Tudo isso é engendrado em minúcias e naturalizado, porquanto se produzem subjetividades que propagam esses imperativos. Seja por intermédio de programas e seriados, de discursos retóricos de autoridades reverberados em telejornais ou até mesmo da teledramaturgia – todos com assustadora potencialidade de servir de referência à conduta dos telespectadores –, conforma-se o imaginário social e molda-se o sectarismo da população à apartação dos setores mais vulneráveis.


O movimento “Lei e Ordem” se encaixa perfeitamente a este cenário: escolhe-se o inimigo e dá-se início a uma varredura de indesejáveis patrocinada pela mídia e levada a cabo pelo braço robusto do Estado penal. Sob os alvitres da “segurança”, a política criminal volta os olhos para os “consumidores falhos” ou aqueles “cujos meios não estão à altura dos desejos” (BAUMAN, 1999, p.57); nascidos sob o signo da privação relativa4 e vítimas da doutrina do capitalismo e do consuma se puder.


A mídia, por seu turno, conclama para si a inglória tarefa de disseminar as subjetividades que legitimam as políticas criminais de extermínio imprescindíveis à segurança das classes merecedoras e adaptadas à lógica consumerista.
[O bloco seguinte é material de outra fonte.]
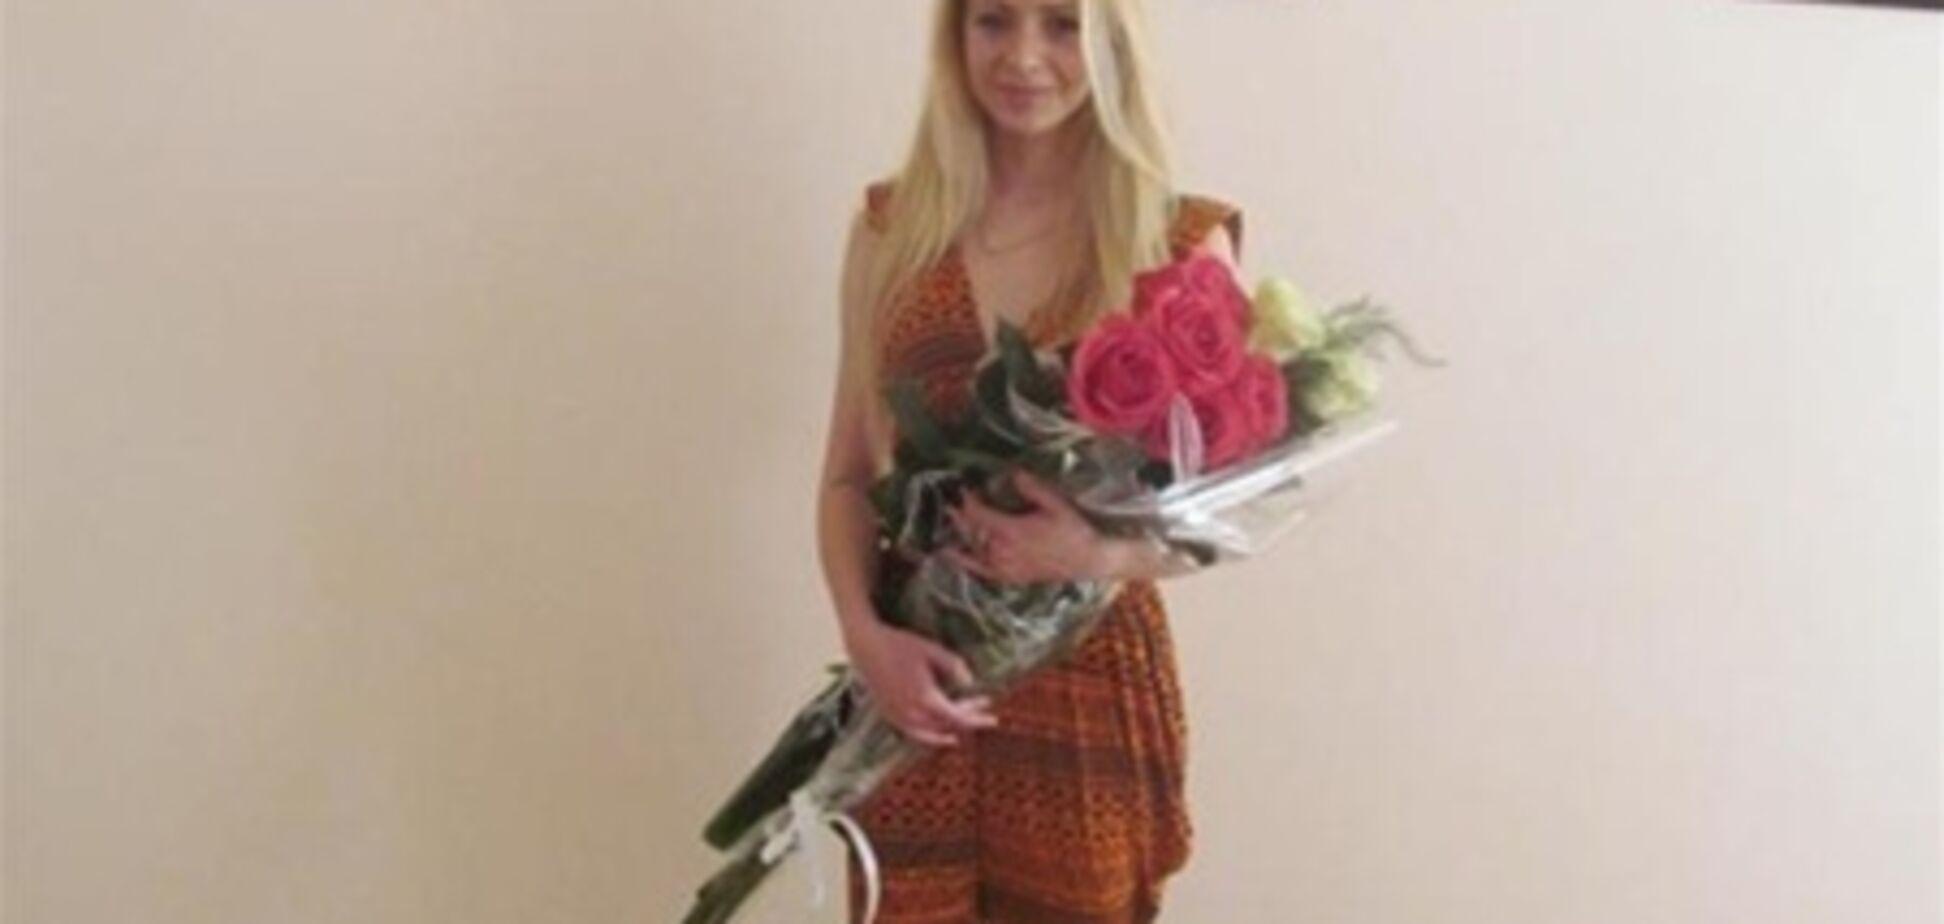 Победительница 'Голоса країни' хочет на 'Евровидение' или 'Новую волну'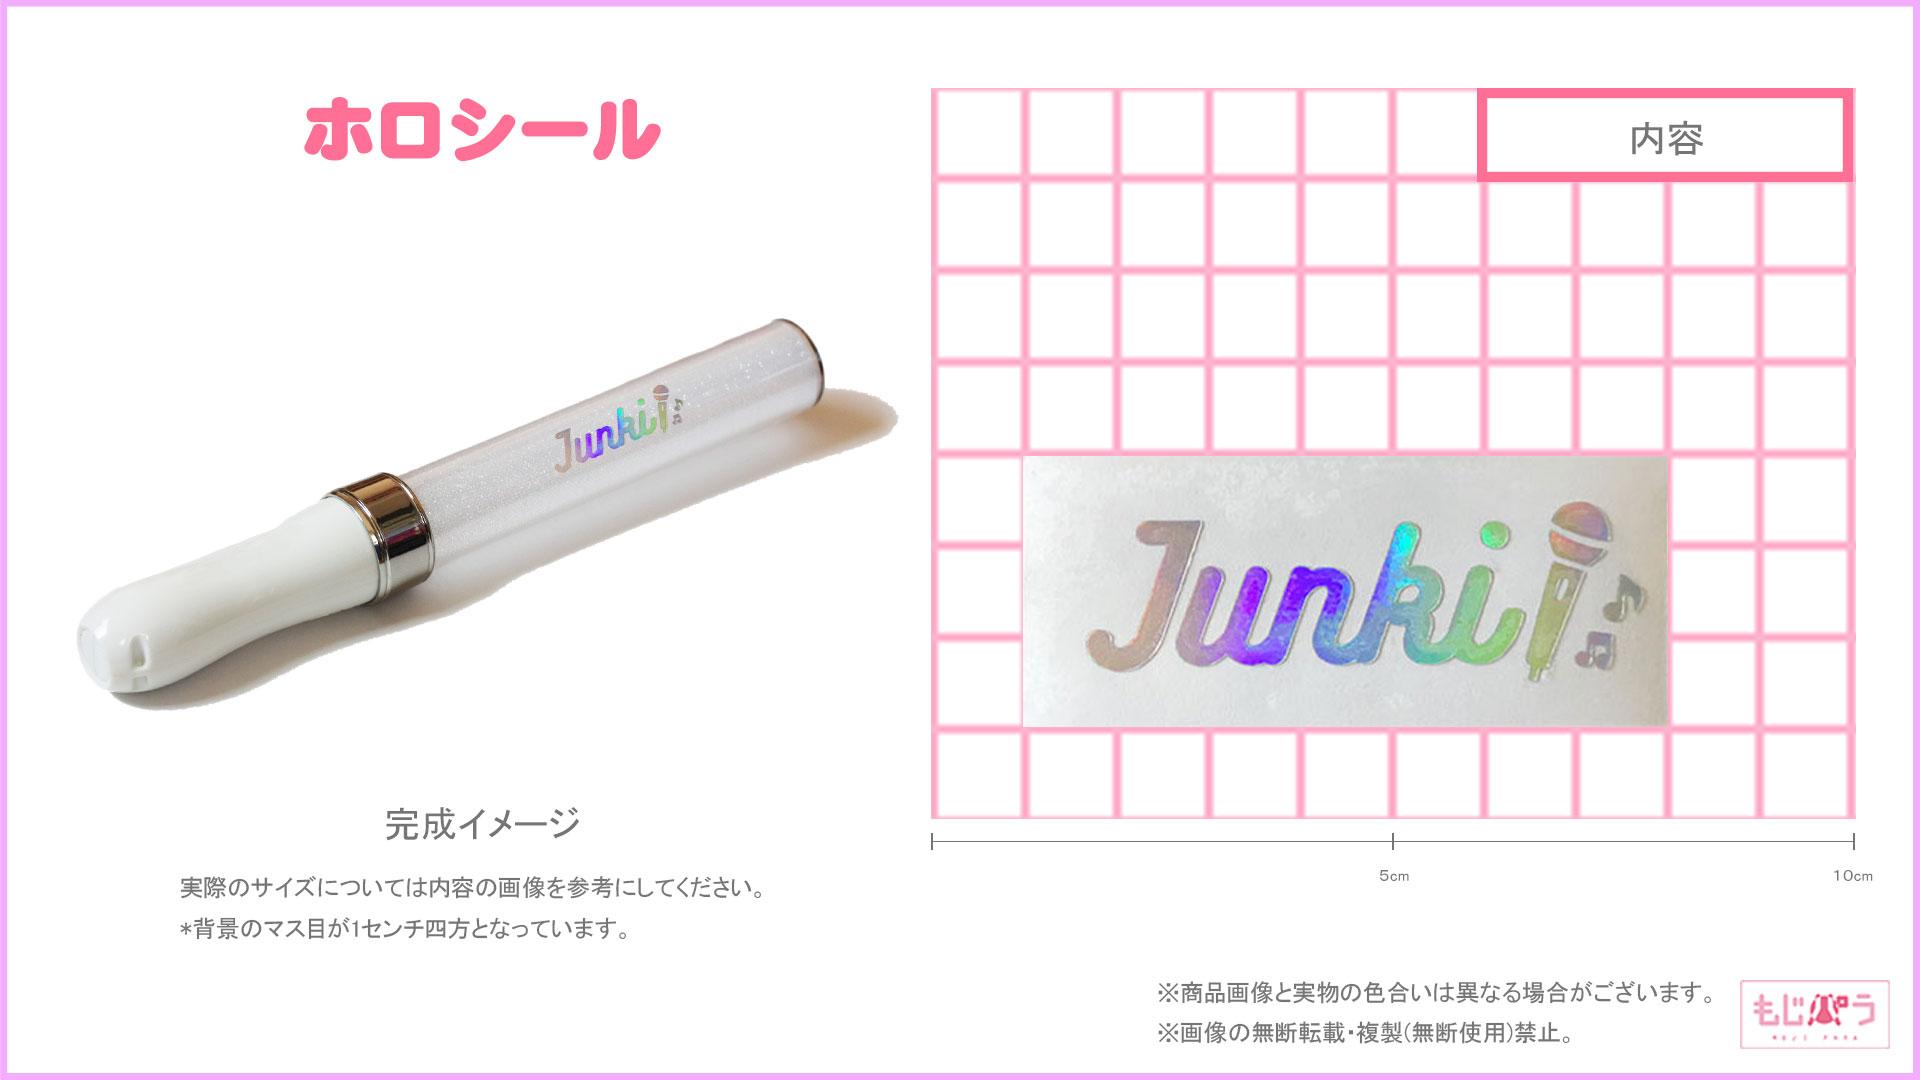 ホロシール【junki】画像

Essas camadas altas e médias da sociedade valem-se do círculo midiático para vociferar por um Estado mais atuante no campo penal e omisso no plano social. Evidentemente, esse plus punitivo recai sobre as audiências “c”, “d” e subsequentes, justamente os portadores da patologia atribuída aos impossibilitados de consumir.


Na tentativa de persecução do fim – qual seja, a garantia de tranquilidade e segurança dos “justos” e dos “merecedores” (os aptos à era do consumo) – lança-se mão de todos os meios necessários. Ao erguer este baluarte maquiavélico, a sociedade e a mídia compactuam com a indolência estatal e promovem a varredura da “escória”. A contraproducência maior reside precisamente nesta apetência imediatista das camadas dominantes por políticas criminais voltadas para o derramamento de sangue e exclusão dos inconvenientes: o sono que essas classes garantem hoje, amanhã será perturbado pelos que elas estão ajudando a excluir.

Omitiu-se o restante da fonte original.